Not really. The article mentions that using linear methods (i.e., LIBLINEAR) is one way to avoid the curse. LIBLINEAR is specifically designed for situations in which you have many features and relatively few training instances. When using a linear classifier it may make sense to simply generate as many features as you can, and then use, i.e., lasso regression in order to do feature selection. http://www.csie.ntu.edu.tw/~cjlin/liblinear/

Not strictly as many features as you can - there are many ways that you can add huge numbers of highly correlated and redundant features that limit the effectiveness of both the classifier as well as selection or regularization methods.

A simple example of this is in natural language processing. Adding dependency or phrase structure parse features to an n-gram bag-of-words model might result in an order of magnitude increase in the number of dimensions in your feature space, and ends up harming classification accuracy, even with tightly controlled and elegant feature selection methods.
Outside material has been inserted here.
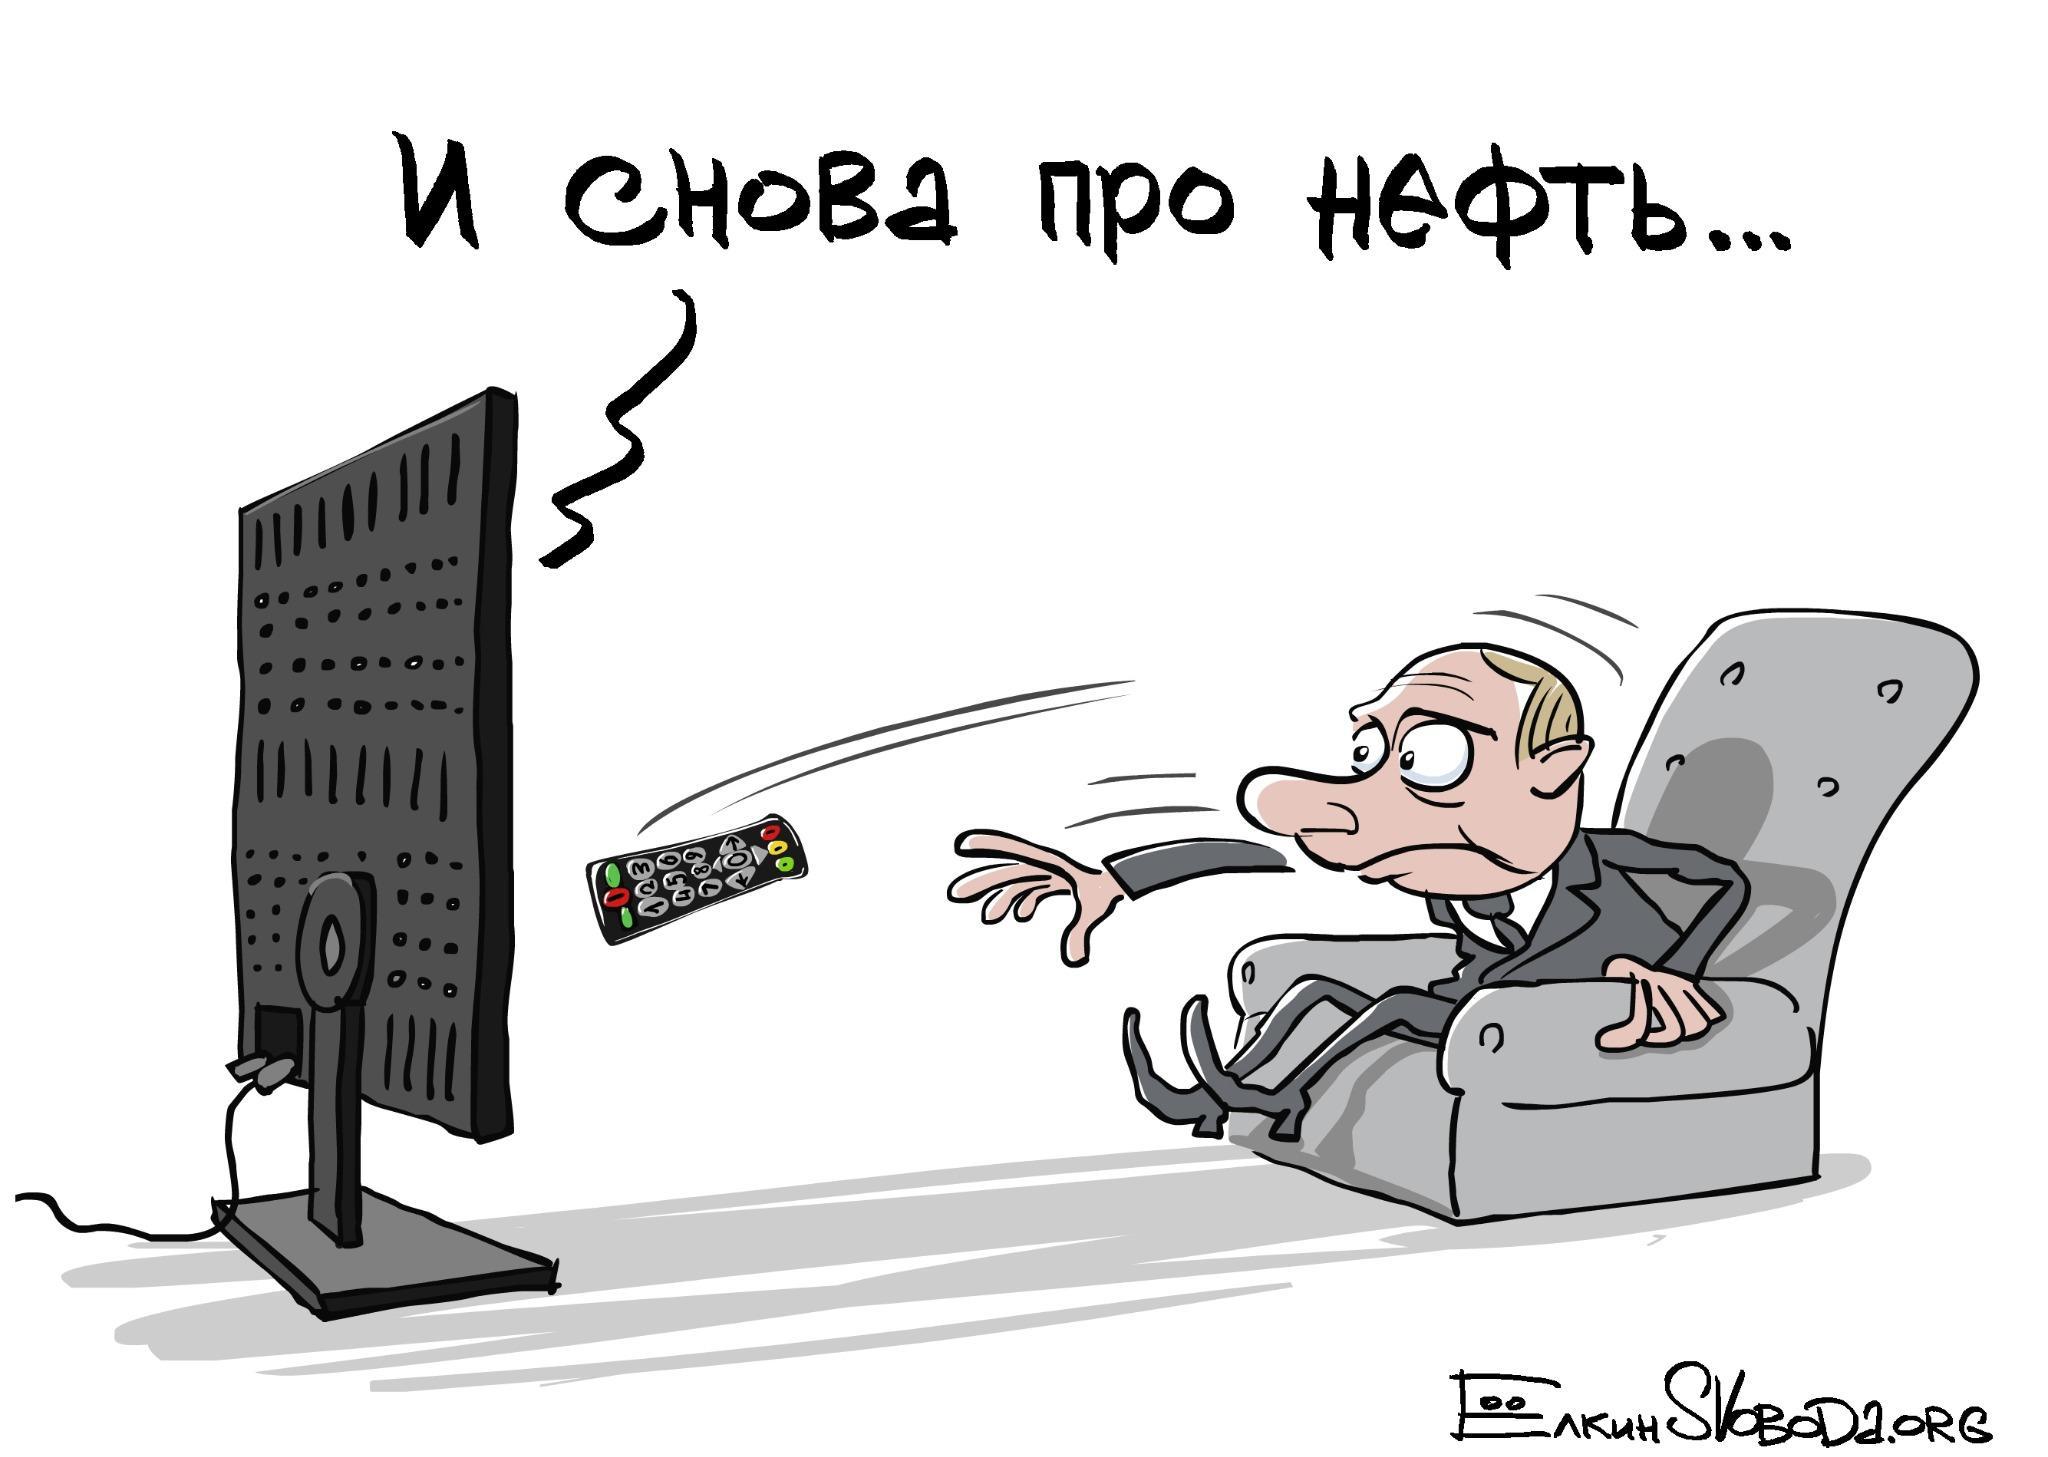 Финансовые рынки вот-вот спишут Украину со счетов, - Die Welt - Цензор.НЕТ 1348

But the article used a linear model to demonstrate the curse, and the model was overfit just with 3 dimensions. There is clearly something missing: for example, for text data it is not uncommon to have thousands or hundred thousands of dimensions, and algorithms work fine.

I think the missing piece is regularisation. It doesn't have to do feature selection and actually reduce the number of dimensions, but you're right that using L1 for such data is usually a good idea.

The article had very few data points, that's why it worked with 3 dimensions. The deciding factor is how N (effective number of data points) compares with p (effective number of features).